Stuff The Internet Says On Scalability For June 28, 2013

Hey, it's HighScalability time:


(Leandro Erlich's super cool scaling illusion)

  • Who am I? I have 50 petabytes of data stored in Hadoop and Teradata, 400 million items for sale, 250 million queries a day, 100,000 pages served per second, 112 million active users, $75 billions sold in 2012...If you guessed eBay then you've won the auction.
  • Quotable Quotes:
    • Controlled Experiments at Large Scale: Bing found that every 100ms faster they deliver search result pages yields 0.6% more in revenue
    • Luis Bettencourt: A city is first and foremost a social reactor. It works like a star, attracting people and accelerating social interaction and social outputs in a way that is analogous to how stars compress matter and burn brighter and faster the bigger they are.
    • @nntaleb: unless you understand that fat tails come from concentration of errors, you should not discuss probability & risk 
  • Need to make Hadoop faster? Hadoop + GPU: Boost performance of your big data project by 50x-200x? Or there's Spark, which uses in-memory techniques to run upto 100x faster than Hadoop. Also, Spark: Open Source Superstar Rewrites Future of Big Data

  • Human, you aren't so special after all. Even plants can do math: During the night, mechanisms inside the leaf measure the size of the starch store and estimate the length of time until dawn. Information about time comes from an internal clock, similar to our own body clock. The size of the starch store is then divided by the length of time until dawn to set the correct rate of starch consumption, so that, by dawn, around 95% of starch is used up.

  • Filmgrain talks about their architecture.
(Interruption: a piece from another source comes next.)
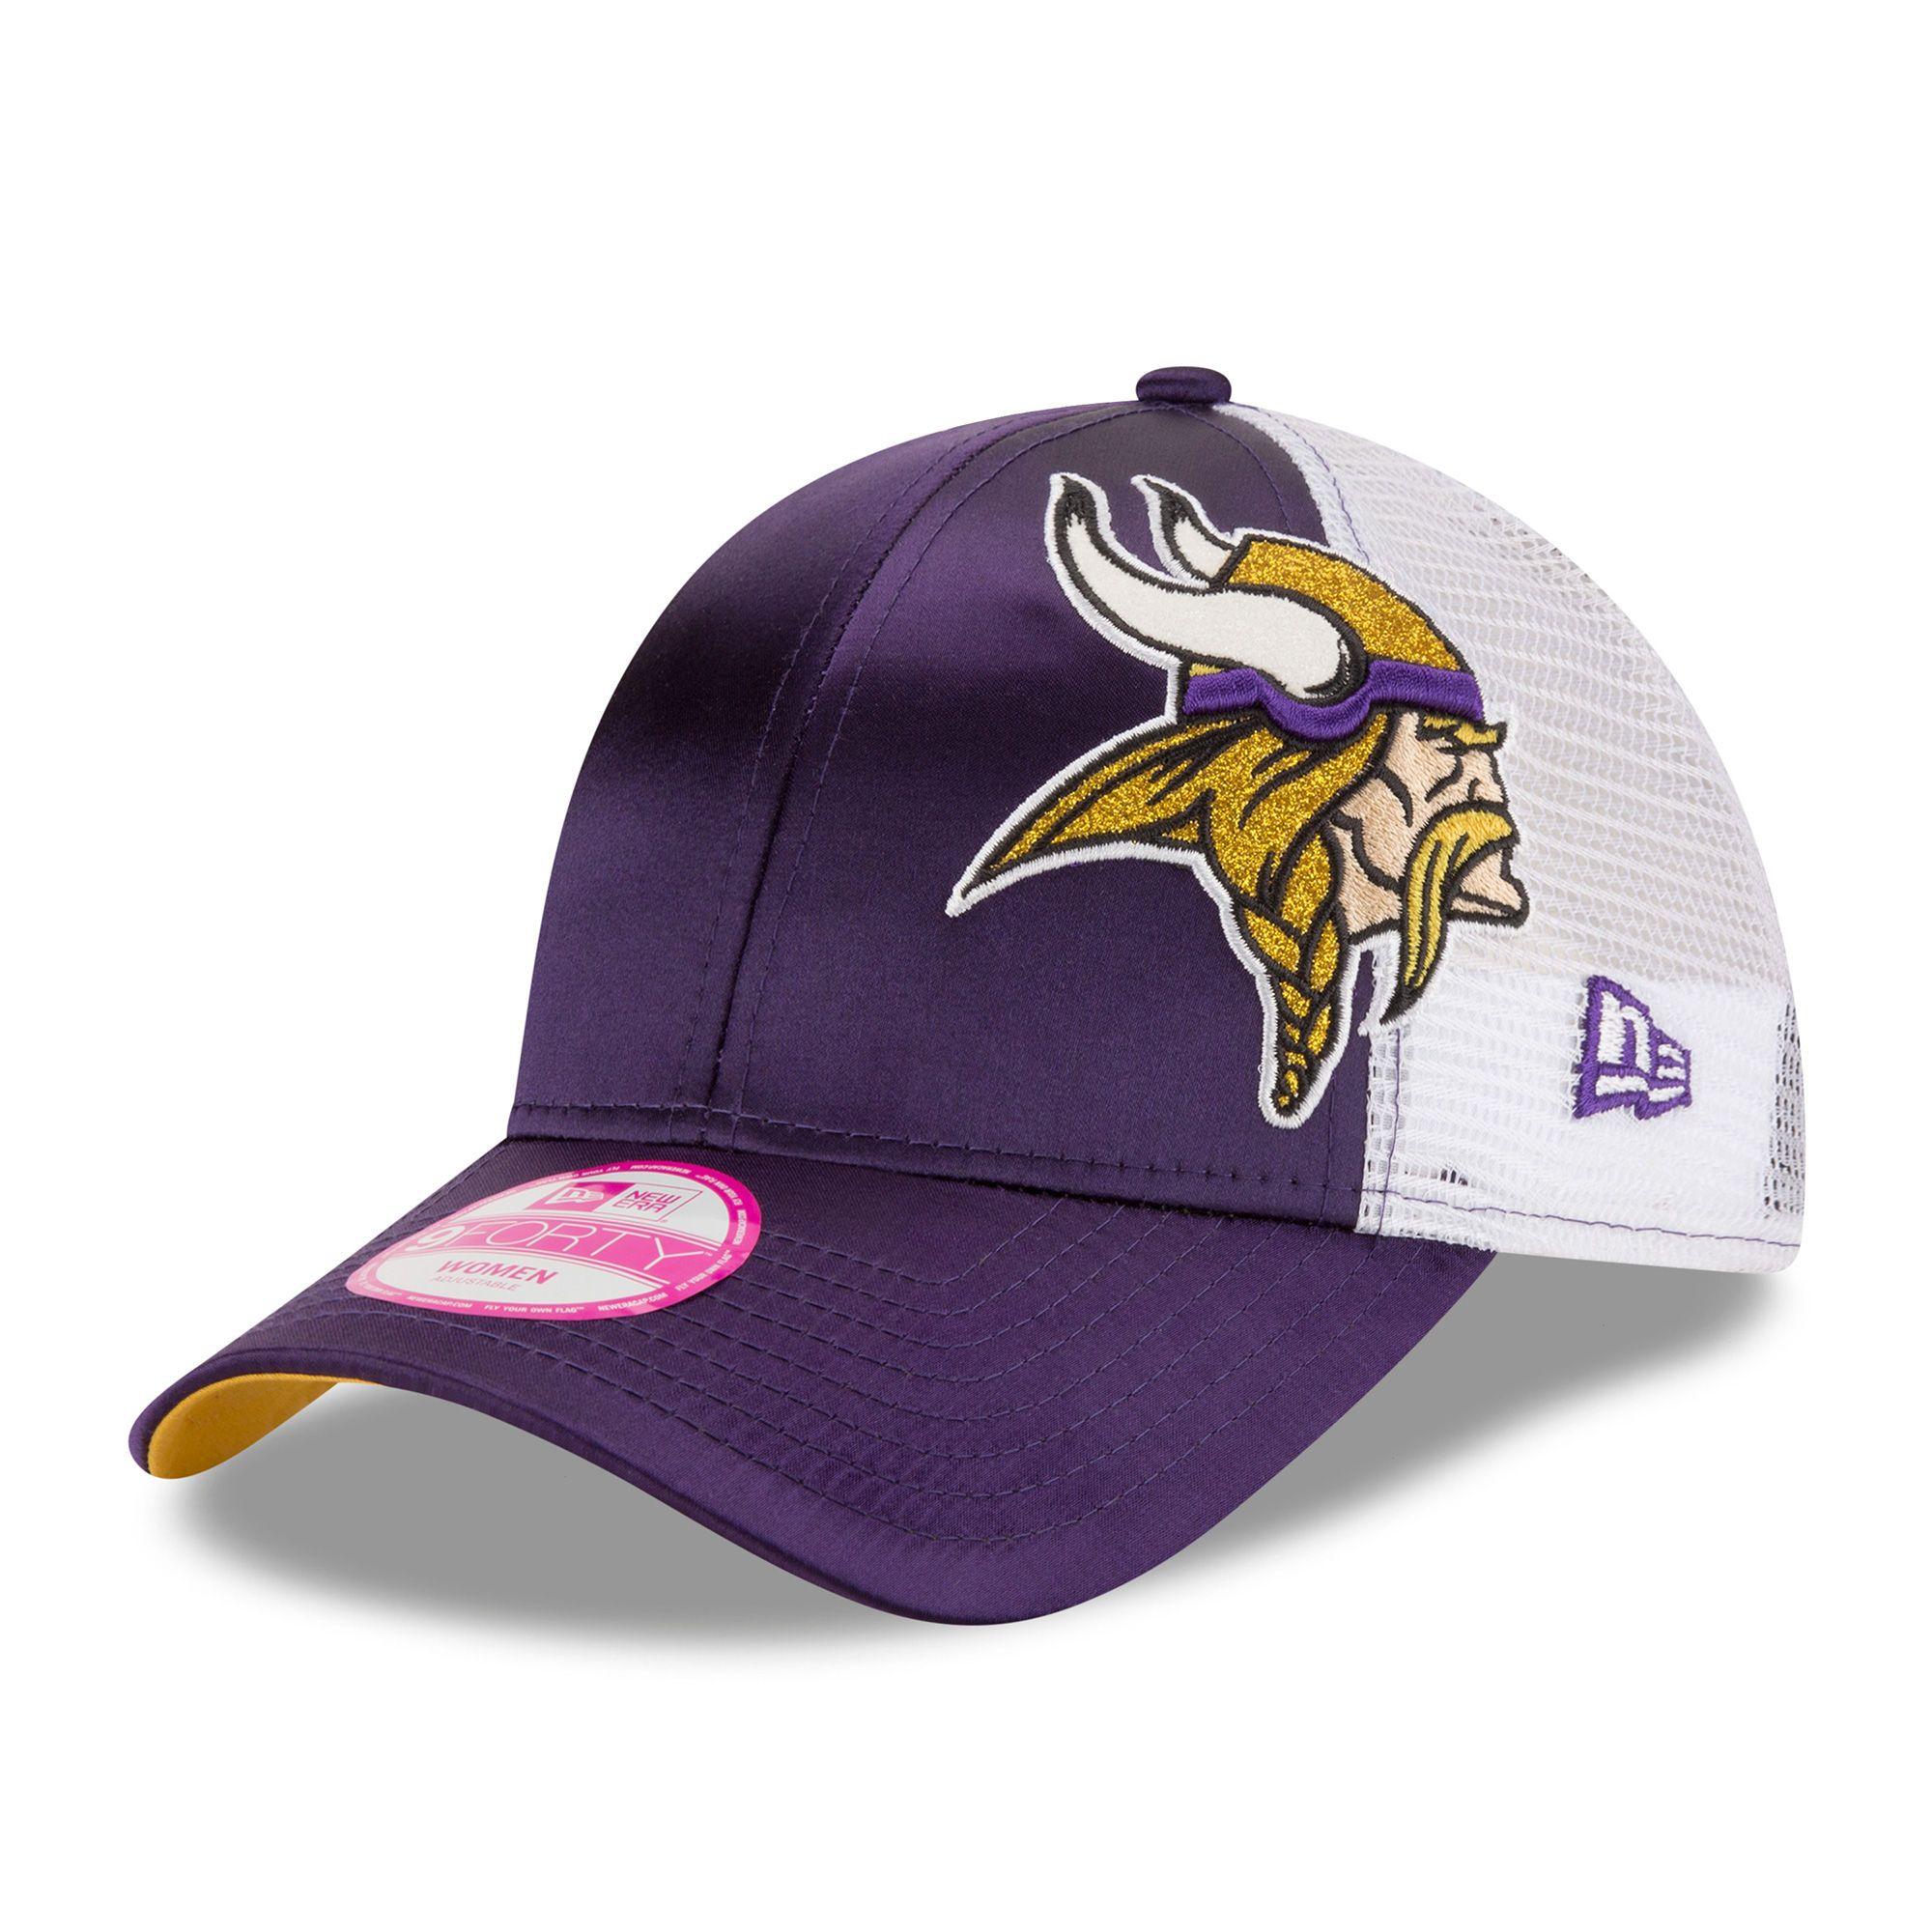 4854f2ffee5 Minnesota Vikings New Era Women s Team Glitzer 9FORTY Adjustable Hat -  Purple
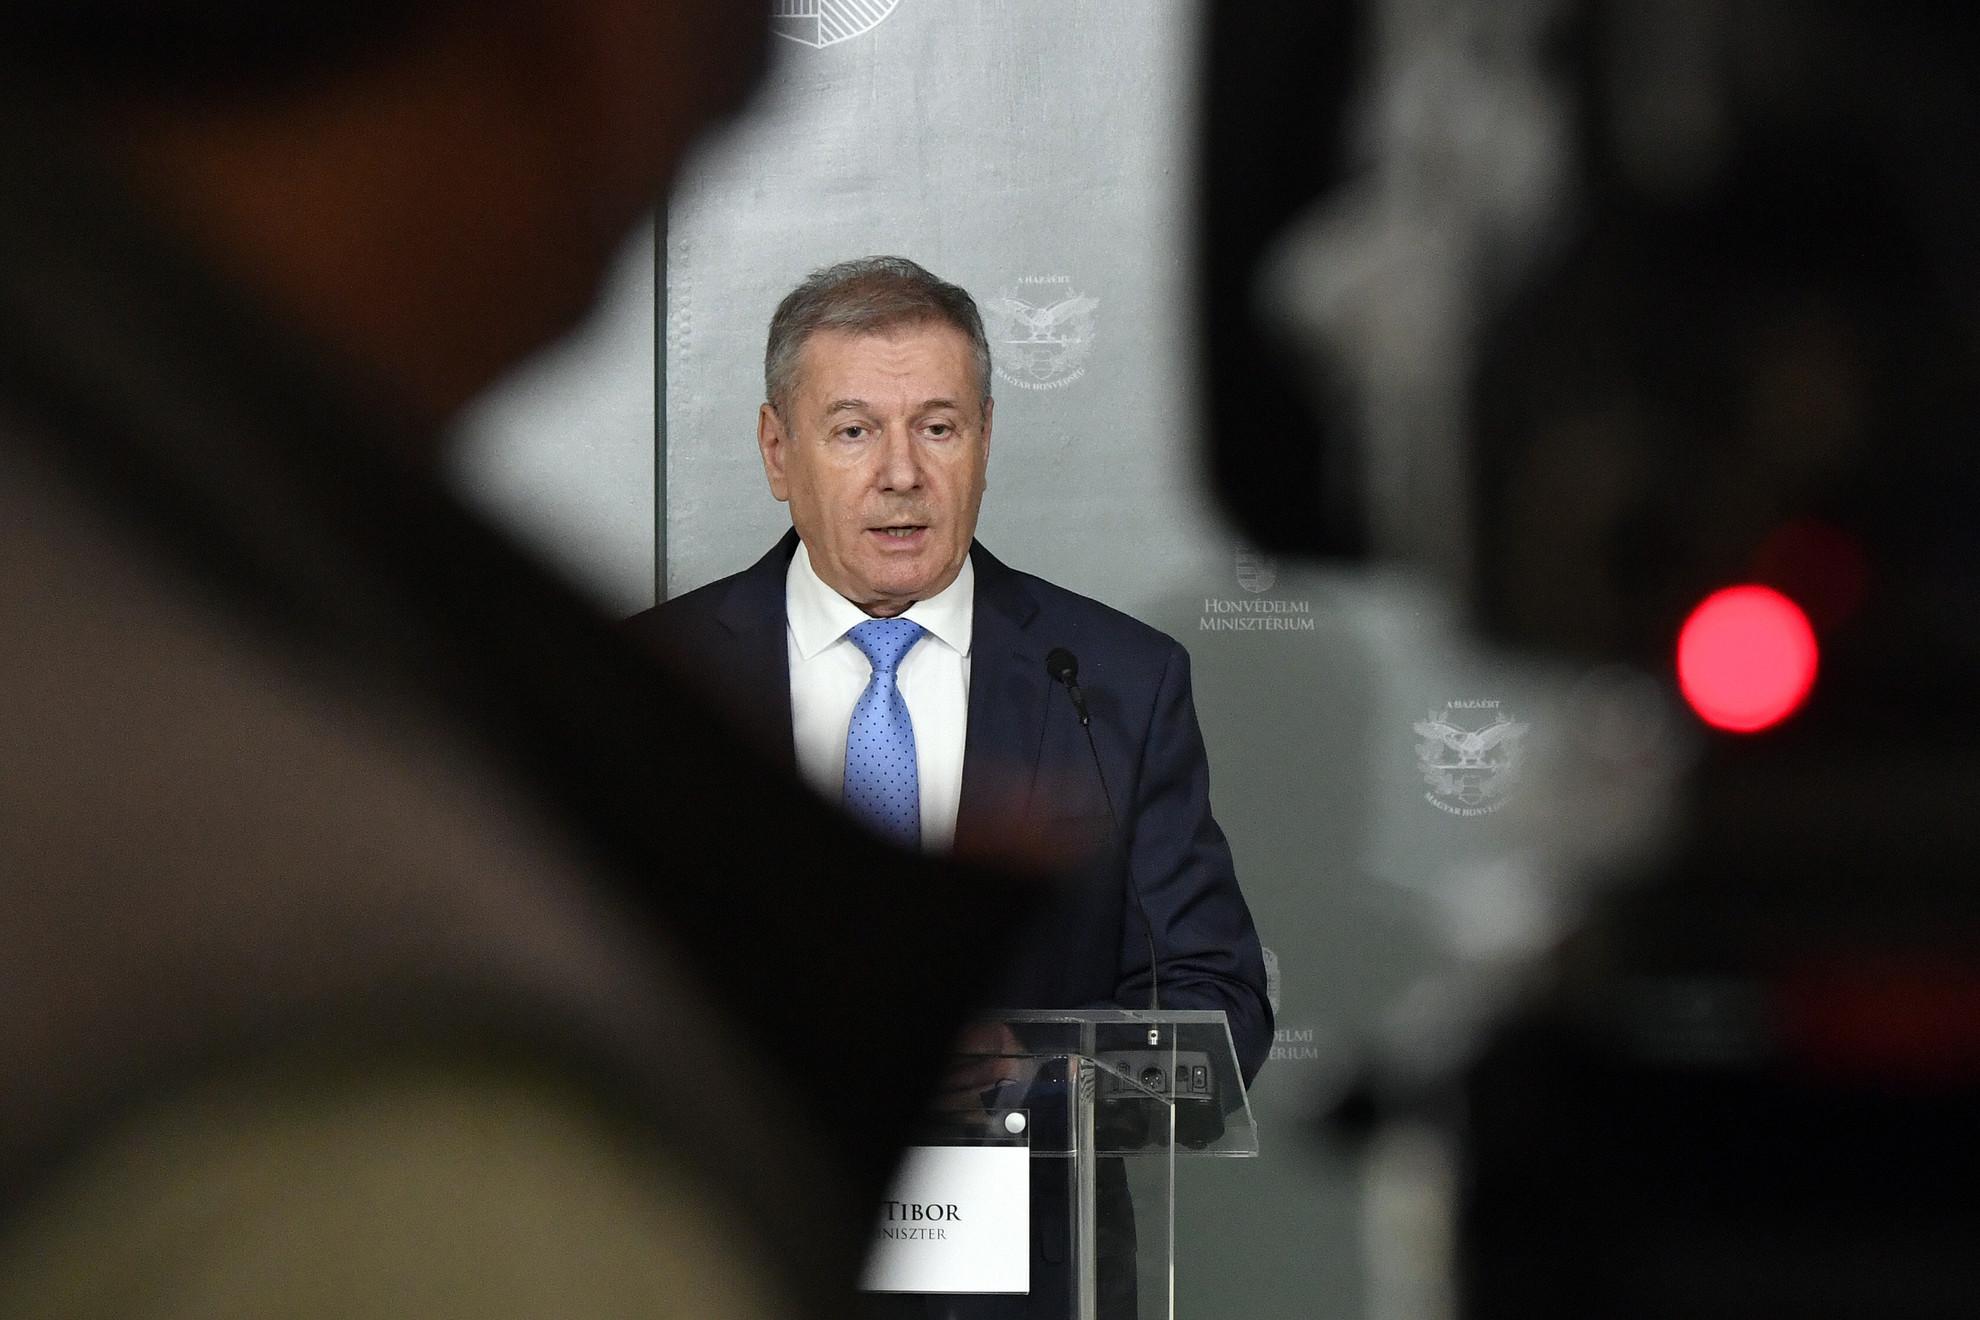 Benkő Tibor honvédelmi miniszter sajtótájékoztatót tart a Honvédelmi Minisztériumban 2020. november 2-án

All Redis all the time. Redis does quad duty as a cache, queue pub/sub, and database. Each component is isolated through Redis. 

  • When key-value and relational are not enough, Facebook went graph with TAO, a custom distributed service designed around objects and associations, used for many features including likes, pages, and events. It serves thousands of data types and handles over a billion read requests and millions of write requests every second. Most of the complexity is kept in the client, it doesn't perform typical graph algorithm operations on the server. This simplicity "helps product engineers find an optimal division of labor between application servers, data store servers, and the network connecting them." It's geographically distributed, eventually consistent, organized as a tree, single master per shard.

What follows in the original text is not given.